Montaż filmów dodatkowo wzbogaca warstwę wizualną. Pozornie niezwiązane ze sobą sceny przeskakujące jedna w drugą, czy sztucznie wycięta, z pewnością nagrana za pomocą greenboxa lewitująca kobieta. Takie efekty wzmagają uczucie odrealnienia i niepewności od początku towarzyszące widzowi. Zacieniona, ogromna przestrzeń, oświetlona jedynie projekcjami filmów dodaje patetyzmu. Na samym środku sali stoi rzeźba mężczyzny? z założoną papierową torbą na głowie. To najwyraźniejszy ślad wskazujący na trop, że być może wszystkie te męskie postaci przedstawiają jedną osobę.

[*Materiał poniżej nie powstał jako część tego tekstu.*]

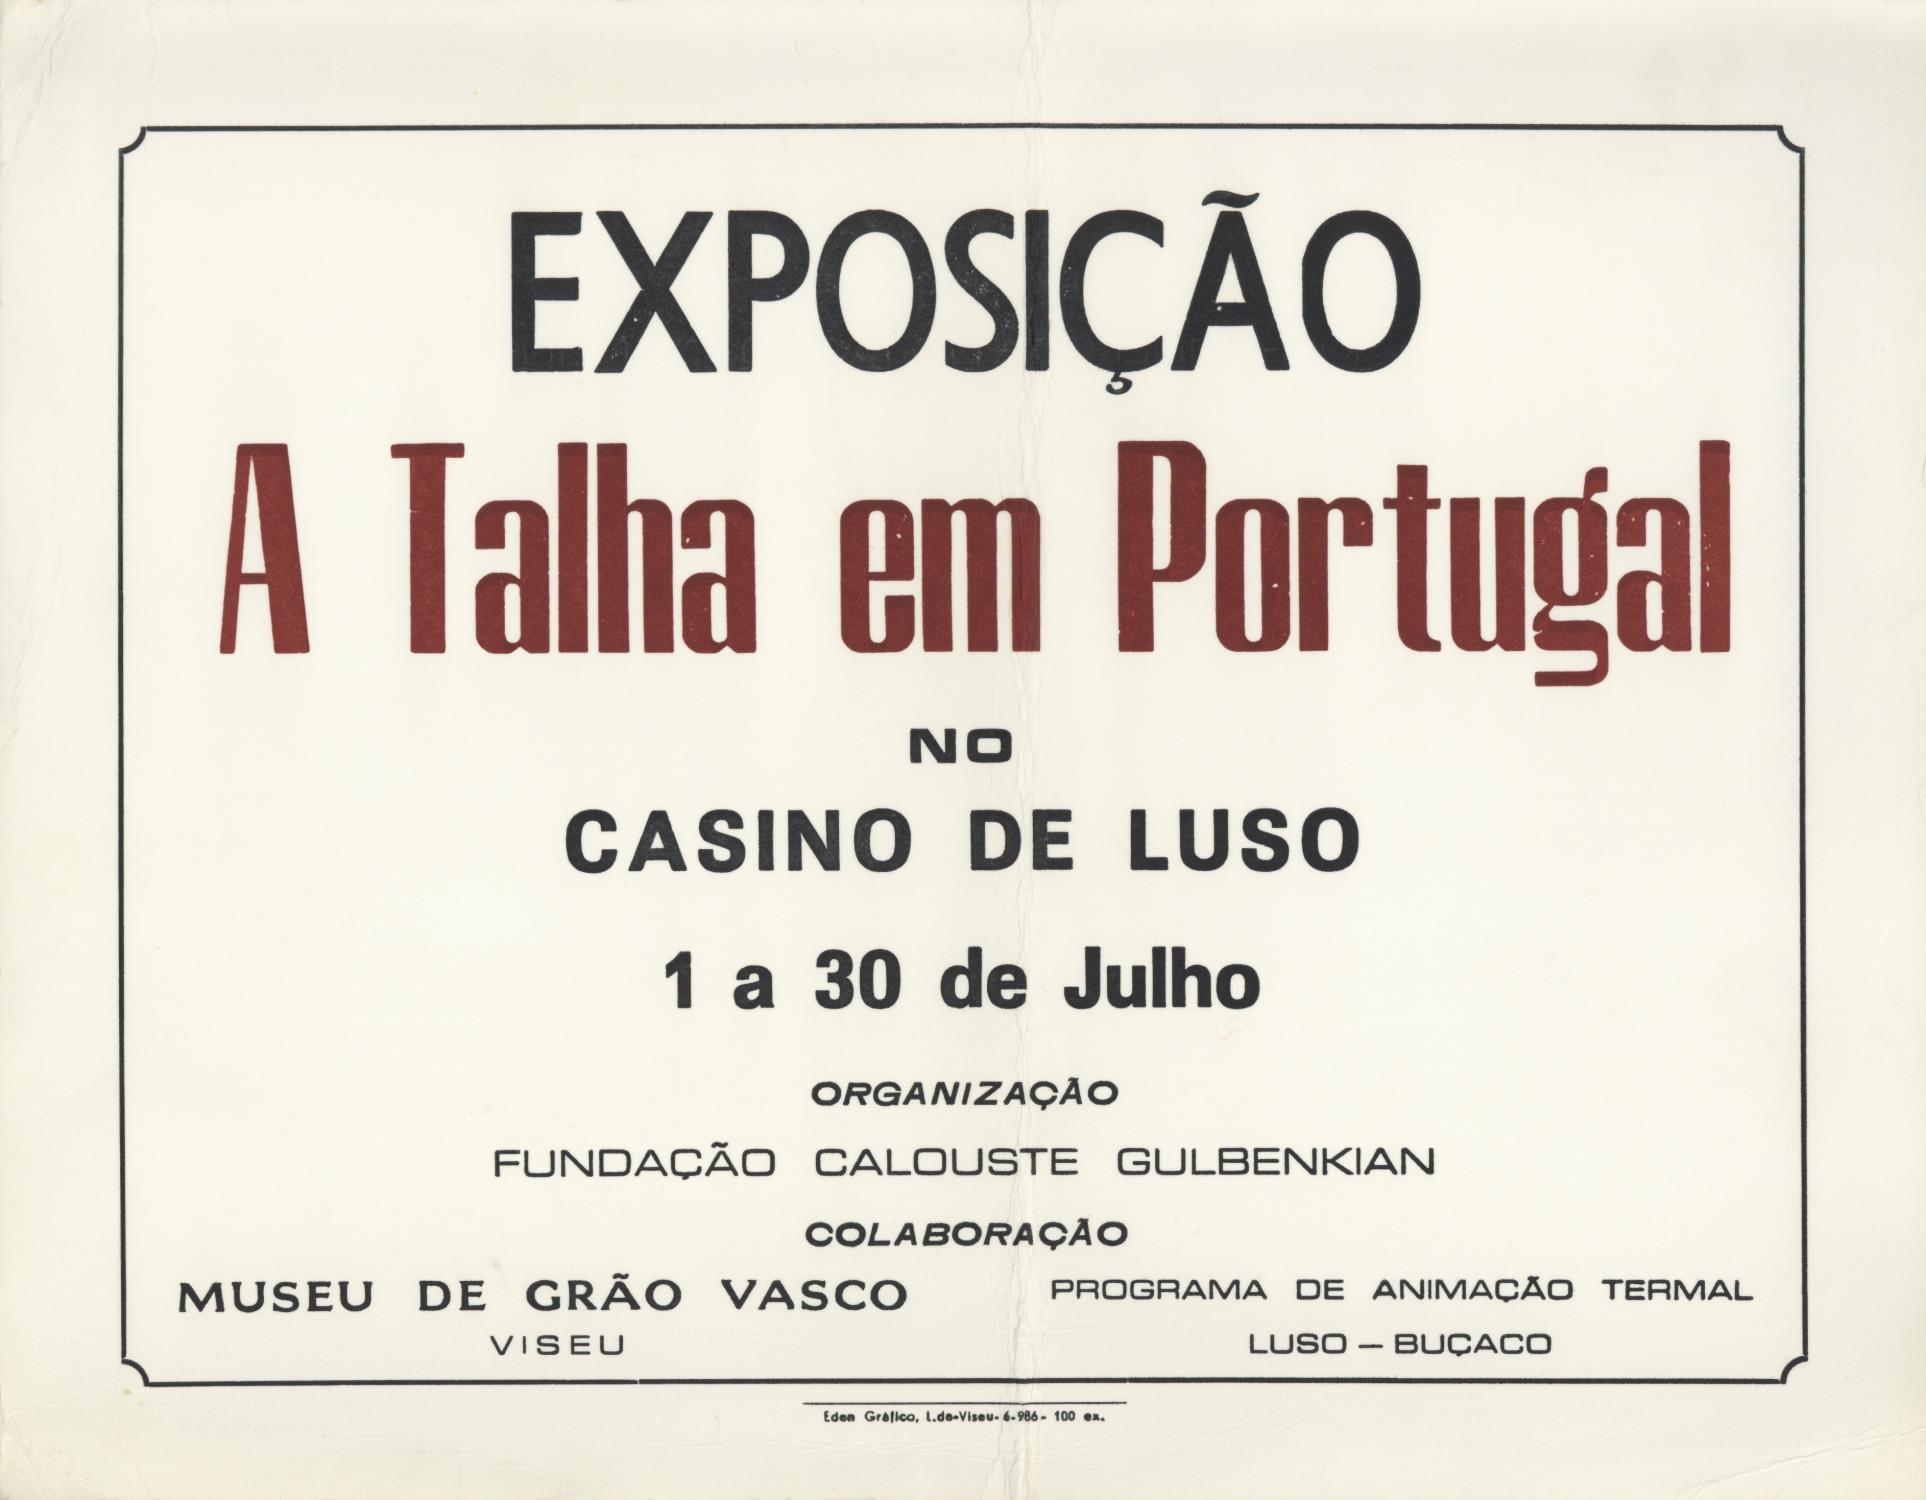 A Talha em Portugal

W pełni zdaję sobie sprawę, że moja interpretacja nie jest jedyną możliwą, słuszną, dlatego przyjąłem formę komentowania narracji w takiej kolejności, w jakiej ja ją odczytałem. Zawikłane powiązania skutecznie uniemożliwiają jednoznaczne zrozumienie. Bardzo dobrze, że tak jest. Odbiorca zostaję włączony w proces tworzenia. Przestaje być tylko widzem i staje się integralną częścią całości. Oczywiście wymaga to odpowiedniego nastawienia, wrażliwości i chęci. Nie o to jednak chodzi by sztuka podobała się wszystkim, a jeśli tak się dzieje to tym gorzej dla niej.